With the EU Official Journal – L95 10.04.2015 with a view to adoption of Commission Directive (EU) 2015/559 amending Council Directive 96/98/EC on marine equipment, the European Commission, according to which Annex A to Directive 96/98/EC is replaced by the text in the Annex to Directive 2015/559, as the equipment listed in column 1 of Annex A.1 as having been transferred from Annex A.2 which was manufactured before 30 April 2016 in conformity with procedures for type-approval already in force before that date within the territory of a Member State, may continue to be placed on the market and on board a Community ship until 30 April 2018.

Decision (EU, Euratom) 2015/578 of the Representatives of the Governments of the Member States of 1 April 2015 has been published in the EU Official Journal – L96 11.04.2015, appointing Judges and Advocates-General to the Court of Justice.
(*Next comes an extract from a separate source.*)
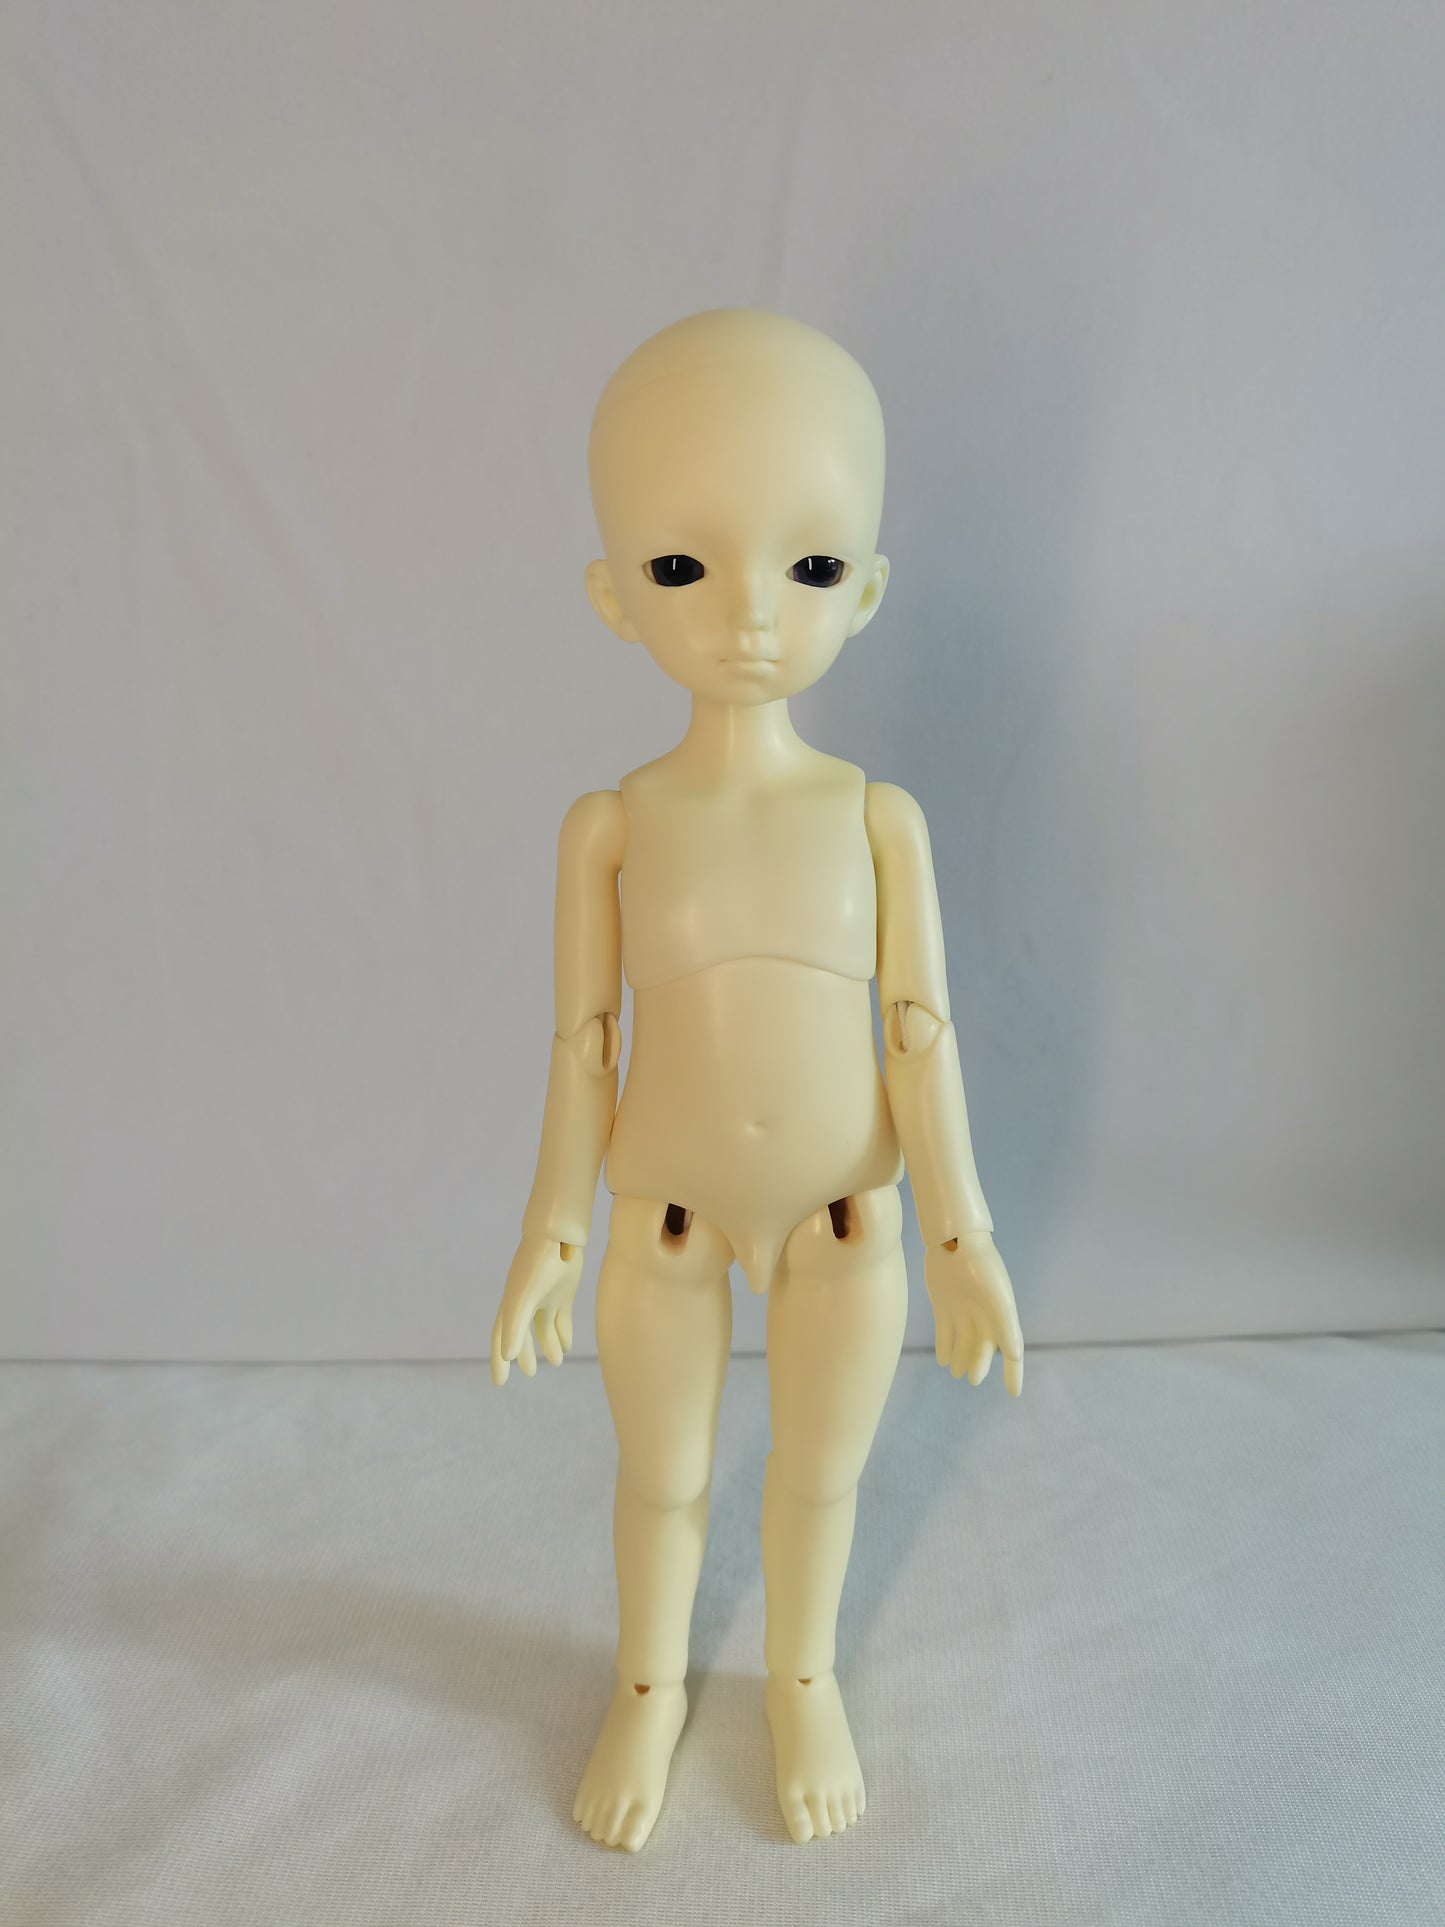 1/6 26cm doll in white skin with glass eyes

The following are appointed Judges to the Court of Justice for the period from 07.10.2015 to 06.10.2015: Mr Lars Bay Larsen, Mr Francois Biltgen, Mr Endre Juhasz, Ms Küllike Jürimäe, Mr Sinisa Rodin, Mr Allan Rosas, Mr Marek Safjan, Mr Daniel Svaby. The following are appointed Advocates-General to the Court of Justice for the same period: Ms Juliane Kokott, Mr Henrik Saugmandsgaard OE, Ms Eleanor Sharpston.

In the EU Official Journal – C126 18.04.2015 are published Decision №807 as of 04.12.2014 on the opening of a procedure for granting authorization for prospecting and exploration of oil and natural gas – subsurface natural resources under Article 2(1) point 3 of the SRA in the area of “Block1-22 Teres”, located in the exclusive economic zone of the Republic of Bulgaria in the Black Sea, and on the notification of the granting of authorization through a competition and Decision №808 as of 04.12.2014 on the opening of a procedure for granting authorization for prospecting and exploration of oil and natural gas – subsurface natural resources under Art. 2(1) point 3 of the SRA in the area of “Block 1-14 Silistar”, located in the continental shelf and the exclusive economic zone of the Republic of Bulgaria in the Black Sea, and on the notification of the granting of authorization through a competition.